What you are asked to do — Repeat the listing exactly, line by line, and leave the pictures behind.
═══ Recorded data
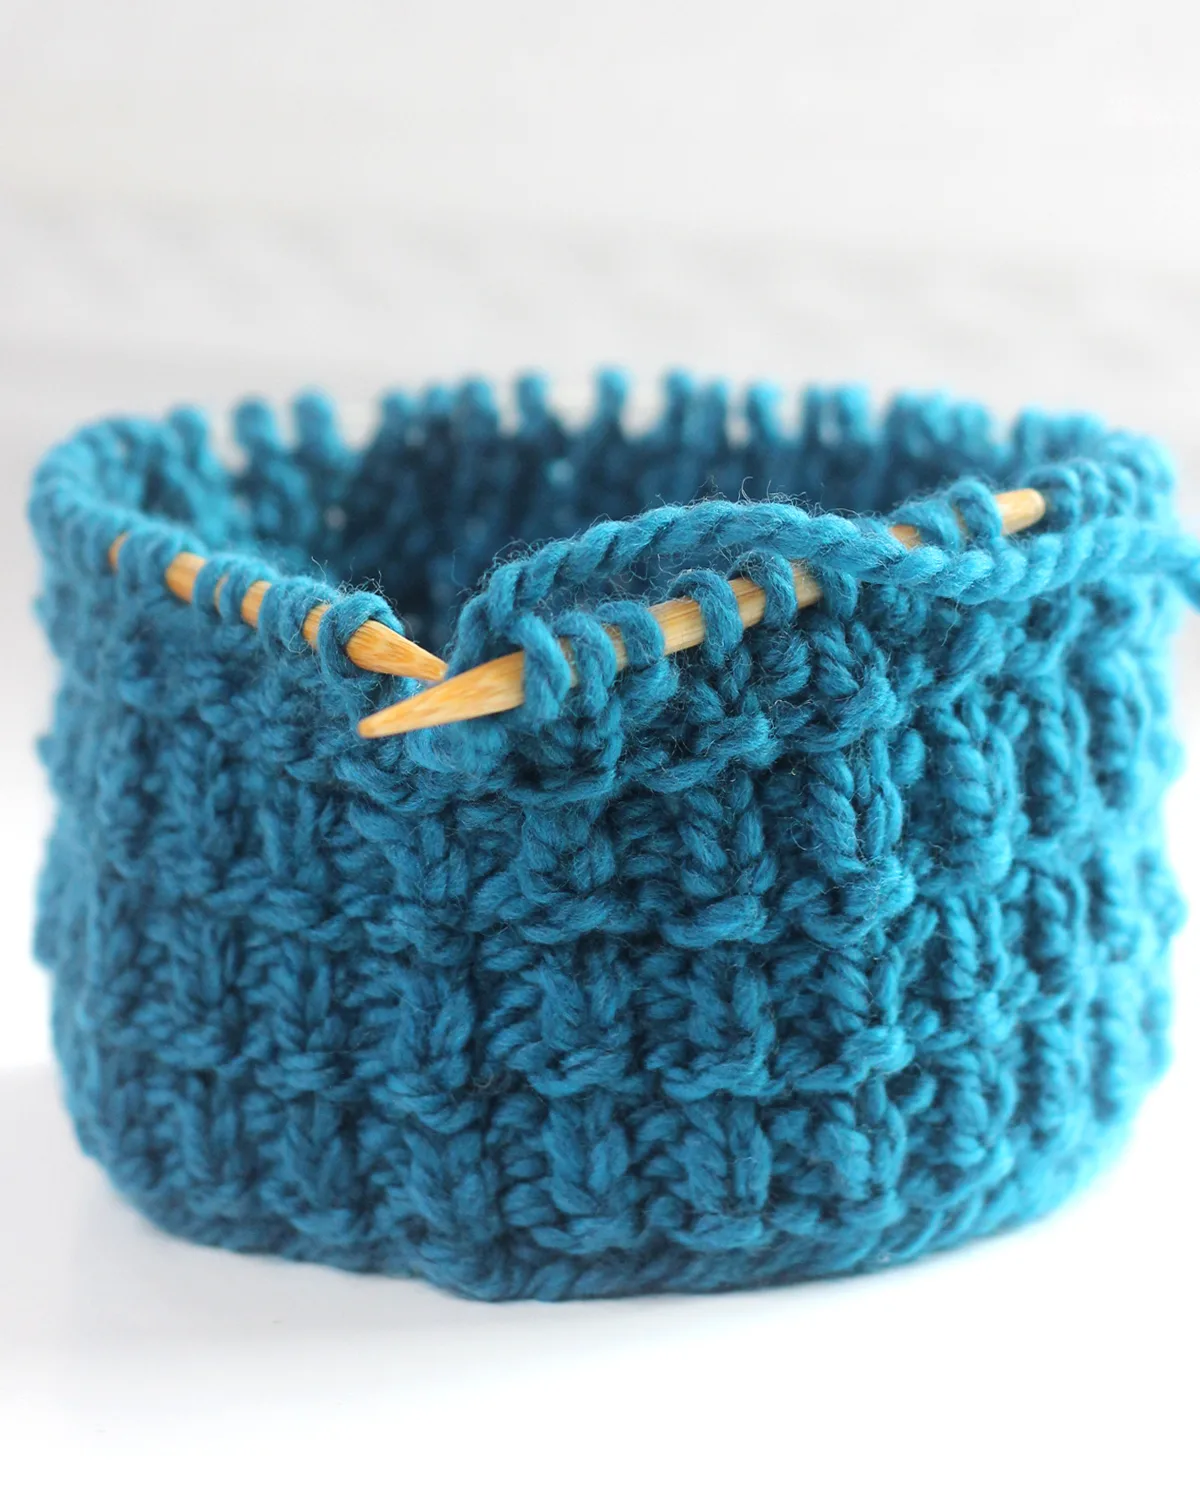 Hurdle stitch knitting texture on circular bamboo needles with blue colored yarn.
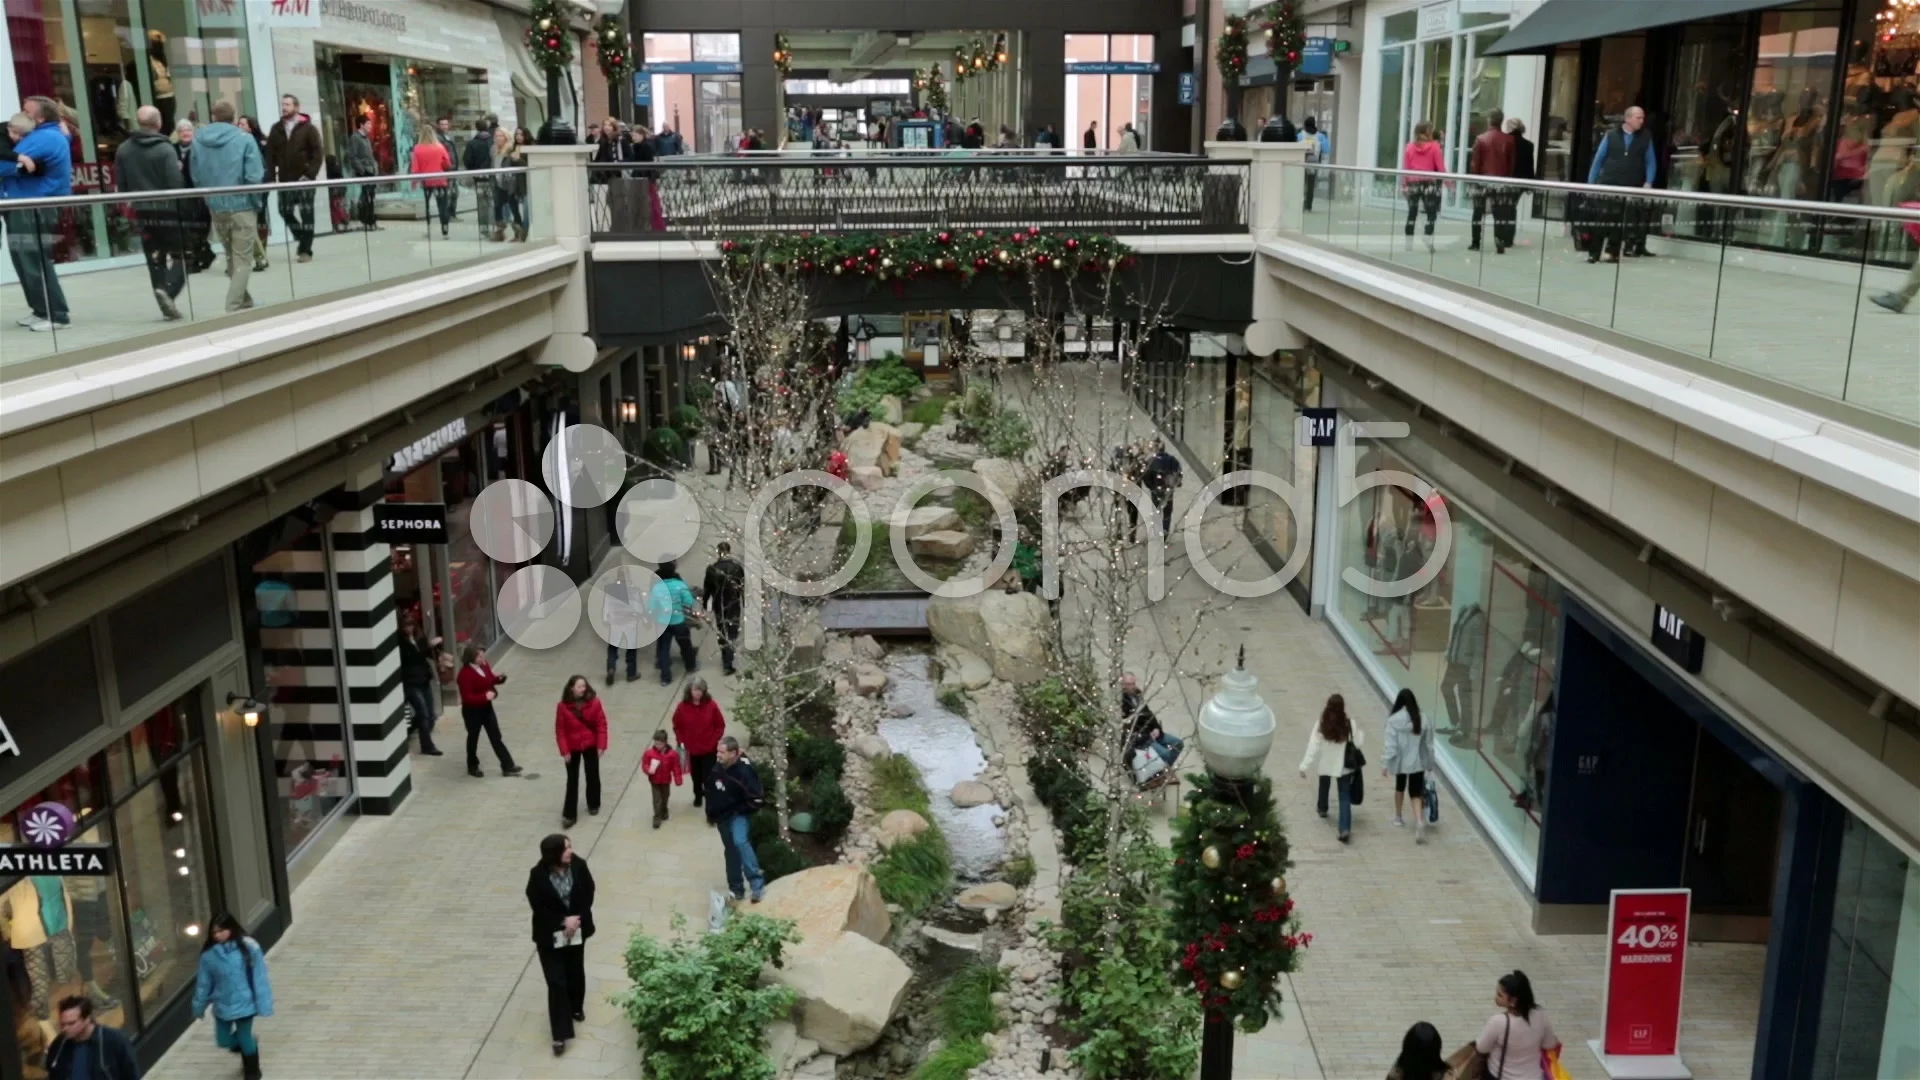 Garden State Plaza Mall to Transition to Mixed Use Property: 550
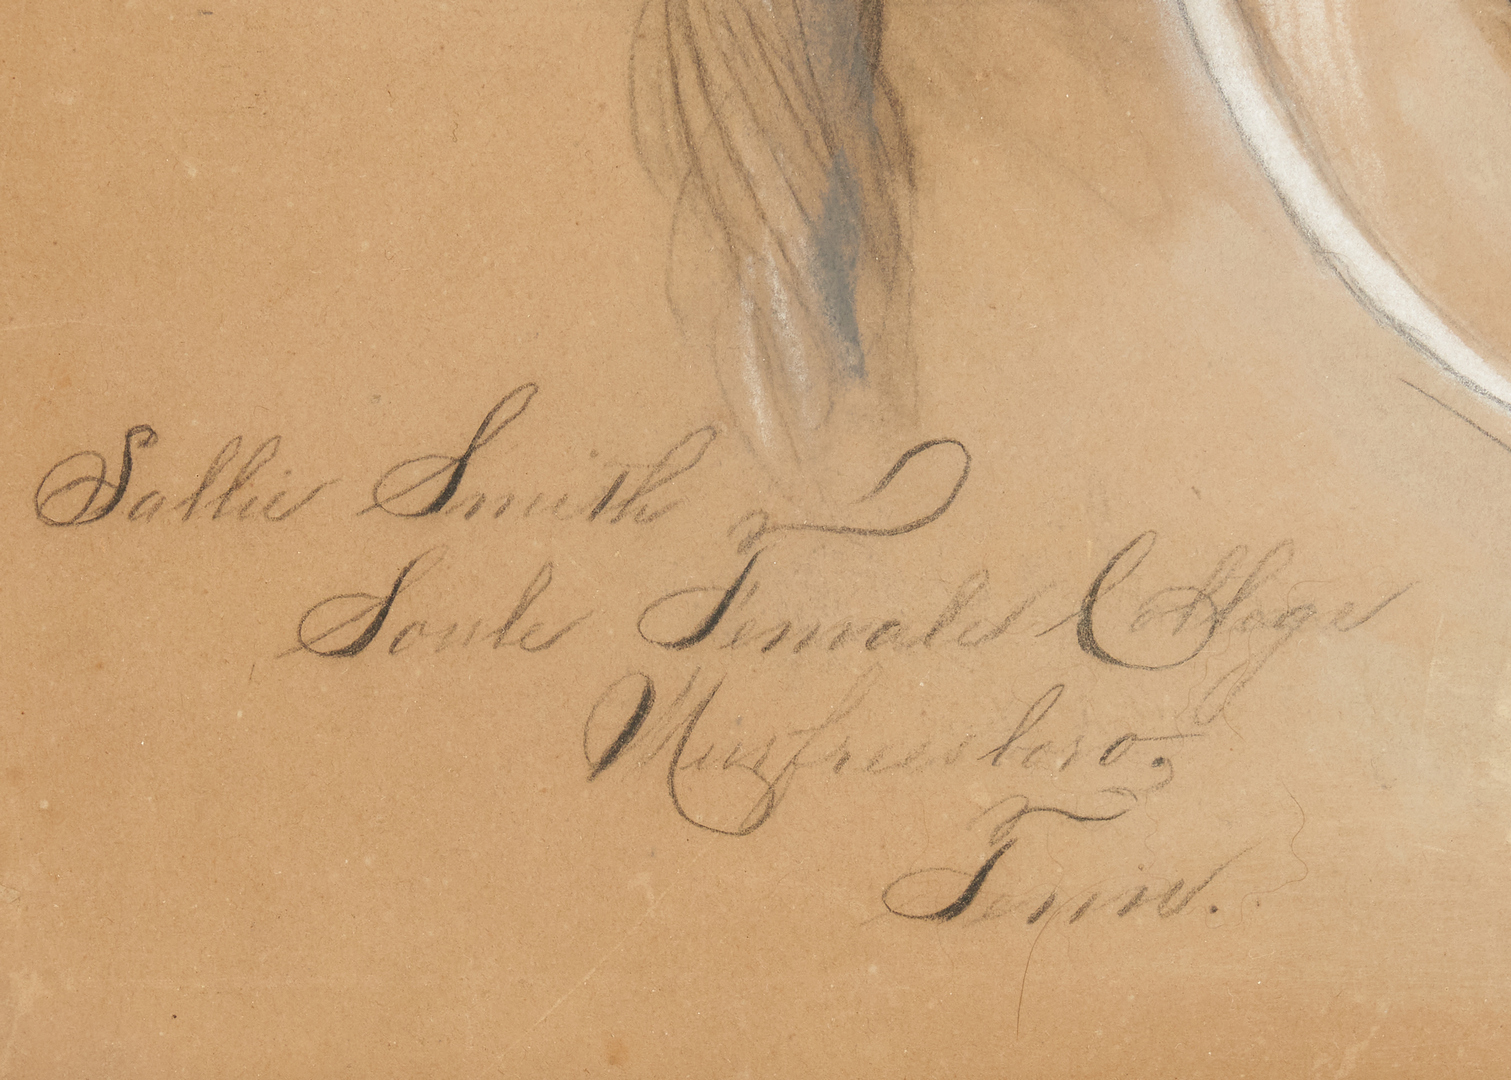 Lot 161: Soule Female College, TN Drawing of Two Children, 19th c.
══════
Answer box —
 Hurdle stitch knitting texture on circular bamboo needles with blue colored yarn.
 Garden State Plaza Mall to Transition to Mixed Use Property: 550
 Lot 161: Soule Female College, TN Drawing of Two Children, 19th c.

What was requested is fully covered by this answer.